WEAK banks and commodity stocks sent Britain’s top shares to a more than two-week closing low yesterday after an inconclusive election result in Italy revived Eurozone debt crisis concerns.
Europe’s most indebted state faced a political vacuum after a huge protest vote left no party or likely coalition with enough seats to form a majority in Italy’s upper house.
The FTSE 100 ended down 84.93 points, or 1.3 per cent, at 6,270.44, its lowest close since 8 February. Some strategists, however, reckoned any losses would be short-lived.
“It’ll be a relative blip, one would suspect,” Henk Potts, market strategist at Barclays, said. “The European sovereign debt perspective looks an awful lot better given the work done and the initiatives implemented from the European Central Bank; the long term refinancing operations, OMT (Outright Monetary Transactions), the work of the European Stability Mechanism.”

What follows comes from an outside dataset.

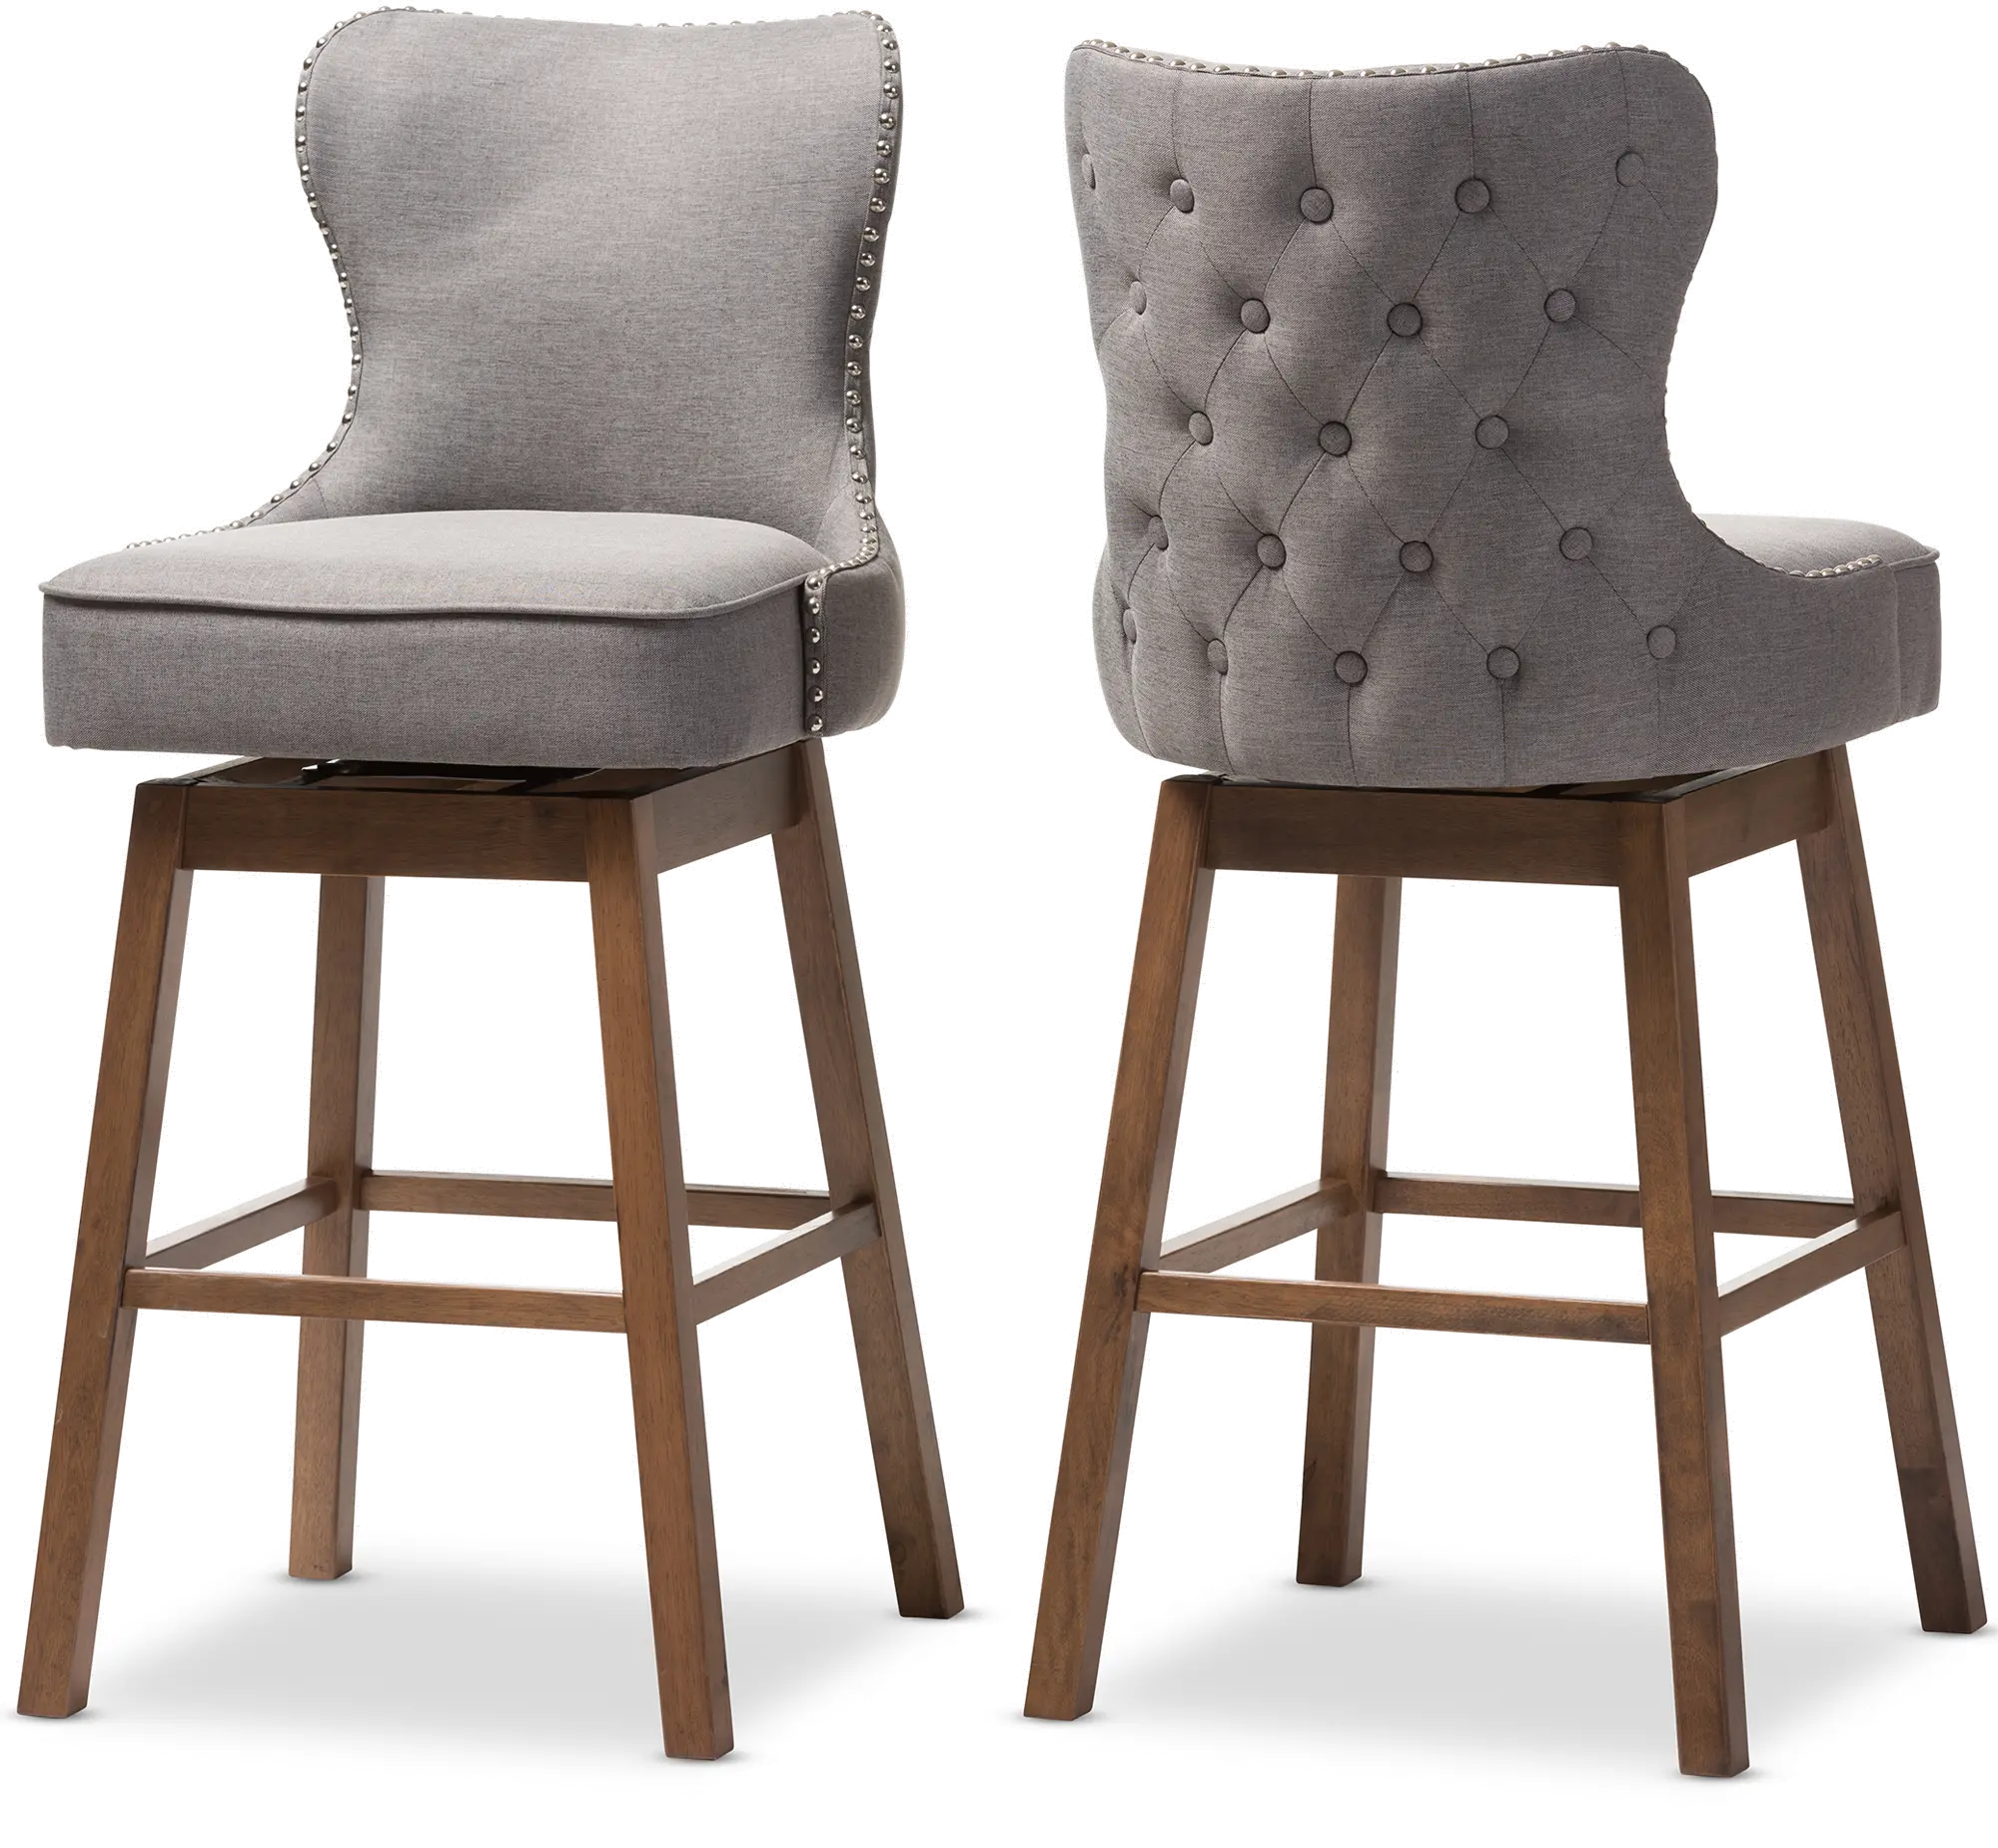 Furniture of America Ackfel 46 in. Satin Plated and Navy High Back Metal Extra Tall Foot Rest Cushioned Bar Stools (Set of 2)

And with the index still well above a low of 6,216.72 hit on 7 February the bottom of a range in place over the past four weeks, the technical picture did not look so bleak.
“Until you see the FTSE drop below that level, it’s going to be possible to argue that it’s moved into a choppy phase,” said Bill McNamara, technical analyst at Charles Stanley.
GFT Markets technical analyst Fawad Razaqzada, meanwhile, said: “It’s worth remembering that we are still in a long-term bull market. Therefore, I don’t expect to see a huge pullback.”
Banks, among the most exposed to the Eurozone crisis through corporate and public debt, knocked around 15 points off the index yesterday.
With the outcome of Italy’s election also clouding the outlook for the global economy, commodity-related stocks looked shaky too, exerting downward pressure on the index to the tune of around 23 points.
Britain’s biggest hotel and coffee shop operator, Whitbread, shed 3.7 per cent after it saw a slowdown in fourth-quarter sales.
Panmure Gordon repeated its “hold” rating on Whitbread, with the broker cautious on current trading and the increasingly competitive environment for budget hotels.
Randgold Resources bucked the weak market trend, ahead 2.6 per cent, as investors turned to the gold miner as a proxy for the safe-haven precious metal.
Car and plane parts maker GKN was another significant gainer as it beat forecasts with a 19 per cent rise in 2012 pretax profit, helped by demand for luxury cars in China, the world's biggest autos market.
Its shares jumped 3.6 per cent, topping the FTSE 100 leader board, while chemical maker Croda firmed 1.1 per cent after it revealed a profit rise.